Find "Assemblée générale de" and "Cucina piccola che" in the records below. Copy the lines holding them and every line between, exactly, and no others.
● ● ●
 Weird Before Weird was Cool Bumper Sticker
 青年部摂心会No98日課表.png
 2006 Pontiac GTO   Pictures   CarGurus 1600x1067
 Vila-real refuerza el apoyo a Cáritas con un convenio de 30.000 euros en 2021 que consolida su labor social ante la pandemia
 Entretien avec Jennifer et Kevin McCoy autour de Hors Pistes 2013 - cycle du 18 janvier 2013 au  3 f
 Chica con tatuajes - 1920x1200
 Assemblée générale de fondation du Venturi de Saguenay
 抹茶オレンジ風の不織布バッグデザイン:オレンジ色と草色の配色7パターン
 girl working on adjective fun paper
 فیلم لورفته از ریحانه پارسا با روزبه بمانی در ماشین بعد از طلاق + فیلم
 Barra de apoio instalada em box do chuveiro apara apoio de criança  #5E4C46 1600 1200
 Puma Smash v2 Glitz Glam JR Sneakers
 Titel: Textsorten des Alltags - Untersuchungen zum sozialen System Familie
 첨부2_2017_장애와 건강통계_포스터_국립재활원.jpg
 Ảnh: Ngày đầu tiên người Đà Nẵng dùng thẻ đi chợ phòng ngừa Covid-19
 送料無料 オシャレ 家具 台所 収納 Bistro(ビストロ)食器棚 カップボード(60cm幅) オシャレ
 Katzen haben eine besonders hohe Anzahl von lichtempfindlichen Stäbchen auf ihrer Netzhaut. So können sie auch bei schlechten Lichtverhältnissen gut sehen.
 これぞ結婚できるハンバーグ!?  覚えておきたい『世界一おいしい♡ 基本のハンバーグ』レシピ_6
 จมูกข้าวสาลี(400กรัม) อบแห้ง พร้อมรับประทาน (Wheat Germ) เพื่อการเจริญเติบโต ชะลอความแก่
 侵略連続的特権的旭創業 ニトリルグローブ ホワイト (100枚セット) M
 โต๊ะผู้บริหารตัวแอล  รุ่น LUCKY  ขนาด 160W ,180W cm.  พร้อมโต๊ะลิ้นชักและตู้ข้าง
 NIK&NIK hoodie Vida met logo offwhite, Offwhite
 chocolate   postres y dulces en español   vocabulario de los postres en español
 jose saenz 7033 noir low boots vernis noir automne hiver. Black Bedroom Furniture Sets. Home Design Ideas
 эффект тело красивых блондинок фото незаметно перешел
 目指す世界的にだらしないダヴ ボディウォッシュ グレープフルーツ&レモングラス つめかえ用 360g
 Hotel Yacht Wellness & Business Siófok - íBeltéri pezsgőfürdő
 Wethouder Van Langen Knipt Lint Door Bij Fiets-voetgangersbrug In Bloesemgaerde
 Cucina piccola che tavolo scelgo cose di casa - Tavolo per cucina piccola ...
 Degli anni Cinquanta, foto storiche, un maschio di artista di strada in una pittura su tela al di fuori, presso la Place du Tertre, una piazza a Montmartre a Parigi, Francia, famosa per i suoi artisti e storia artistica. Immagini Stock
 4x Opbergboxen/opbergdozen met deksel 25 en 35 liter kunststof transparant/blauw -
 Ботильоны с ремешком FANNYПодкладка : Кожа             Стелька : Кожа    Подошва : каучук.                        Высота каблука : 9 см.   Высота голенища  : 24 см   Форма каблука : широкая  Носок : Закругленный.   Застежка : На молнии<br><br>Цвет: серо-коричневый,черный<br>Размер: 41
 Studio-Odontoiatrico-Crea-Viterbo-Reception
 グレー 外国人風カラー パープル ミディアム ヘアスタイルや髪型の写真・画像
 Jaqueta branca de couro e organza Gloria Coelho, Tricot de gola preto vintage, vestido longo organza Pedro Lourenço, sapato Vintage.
● ● ●
— Response for this exercise —
 Assemblée générale de fondation du Venturi de Saguenay
 抹茶オレンジ風の不織布バッグデザイン:オレンジ色と草色の配色7パターン
 girl working on adjective fun paper
 فیلم لورفته از ریحانه پارسا با روزبه بمانی در ماشین بعد از طلاق + فیلم
 Barra de apoio instalada em box do chuveiro apara apoio de criança  #5E4C46 1600 1200
 Puma Smash v2 Glitz Glam JR Sneakers
 Titel: Textsorten des Alltags - Untersuchungen zum sozialen System Familie
 첨부2_2017_장애와 건강통계_포스터_국립재활원.jpg
 Ảnh: Ngày đầu tiên người Đà Nẵng dùng thẻ đi chợ phòng ngừa Covid-19
 送料無料 オシャレ 家具 台所 収納 Bistro(ビストロ)食器棚 カップボード(60cm幅) オシャレ
 Katzen haben eine besonders hohe Anzahl von lichtempfindlichen Stäbchen auf ihrer Netzhaut. So können sie auch bei schlechten Lichtverhältnissen gut sehen.
 これぞ結婚できるハンバーグ!?  覚えておきたい『世界一おいしい♡ 基本のハンバーグ』レシピ_6
 จมูกข้าวสาลี(400กรัม) อบแห้ง พร้อมรับประทาน (Wheat Germ) เพื่อการเจริญเติบโต ชะลอความแก่
 侵略連続的特権的旭創業 ニトリルグローブ ホワイト (100枚セット) M
 โต๊ะผู้บริหารตัวแอล  รุ่น LUCKY  ขนาด 160W ,180W cm.  พร้อมโต๊ะลิ้นชักและตู้ข้าง
 NIK&NIK hoodie Vida met logo offwhite, Offwhite
 chocolate   postres y dulces en español   vocabulario de los postres en español
 jose saenz 7033 noir low boots vernis noir automne hiver. Black Bedroom Furniture Sets. Home Design Ideas
 эффект тело красивых блондинок фото незаметно перешел
 目指す世界的にだらしないダヴ ボディウォッシュ グレープフルーツ&レモングラス つめかえ用 360g
 Hotel Yacht Wellness & Business Siófok - íBeltéri pezsgőfürdő
 Wethouder Van Langen Knipt Lint Door Bij Fiets-voetgangersbrug In Bloesemgaerde
 Cucina piccola che tavolo scelgo cose di casa - Tavolo per cucina piccola ...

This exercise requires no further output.